Le 17 avril, le Bureau de liaison avec la Chine a déclaré qu'il n'était pas limité par les termes de l'article 22 de la Loi fondamentale. La disposition de la mini-constitution interdit à tous « les services du gouvernement central du peuple » d'interférer dans les affaires internes de Hong Kong. Il estime également que tous les bureaux établis par de tels services doivent se conformer aux lois locales.

Le Bureau de liaison a affirmé, ainsi que le HKMAO, qu'il s'agissait de bureaux établis par le gouvernement central ayant le droit de superviser et de commenter les affaires de la cité.
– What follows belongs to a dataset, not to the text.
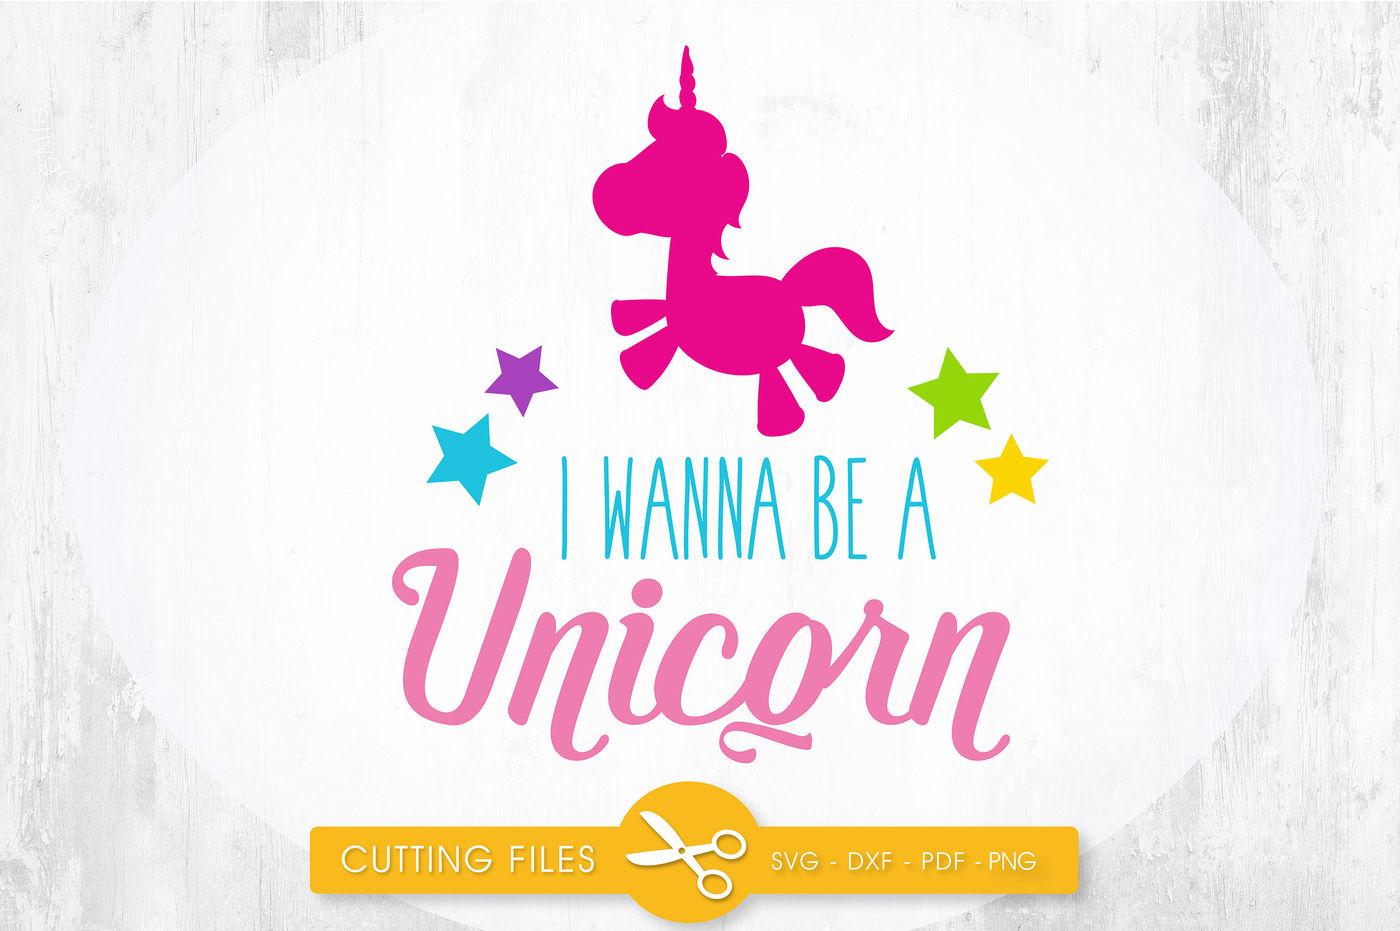 I Wanna Be A Unicorn Svg Png Eps Dxf Cut File By

Bien que le gouvernement de Hong Kong ait expliqué au travers de documents officiels que les deux organes de Pékin étaient effectivement institués en vertu de l'article 22, sa nouvelle position a été communiquée très tôt le matin le 19 avril, affirmant qu'il adoptait désormais l'intégralité du point de vue du Bureau de liaison de Chine. [en]

Arrestations en masse

Samedi, la police de Hong Kong a procédé à l'interpellation de 15 politiciens pro-démocrates de haut rang [en] , des partisans et militants soupçonnés d'organiser et de participer à une série de rassemblements non autorisés contre les propositions du gouvernement de Hong Kong [en] pour la réforme de la loi d'extradition entre août et octobre 2019.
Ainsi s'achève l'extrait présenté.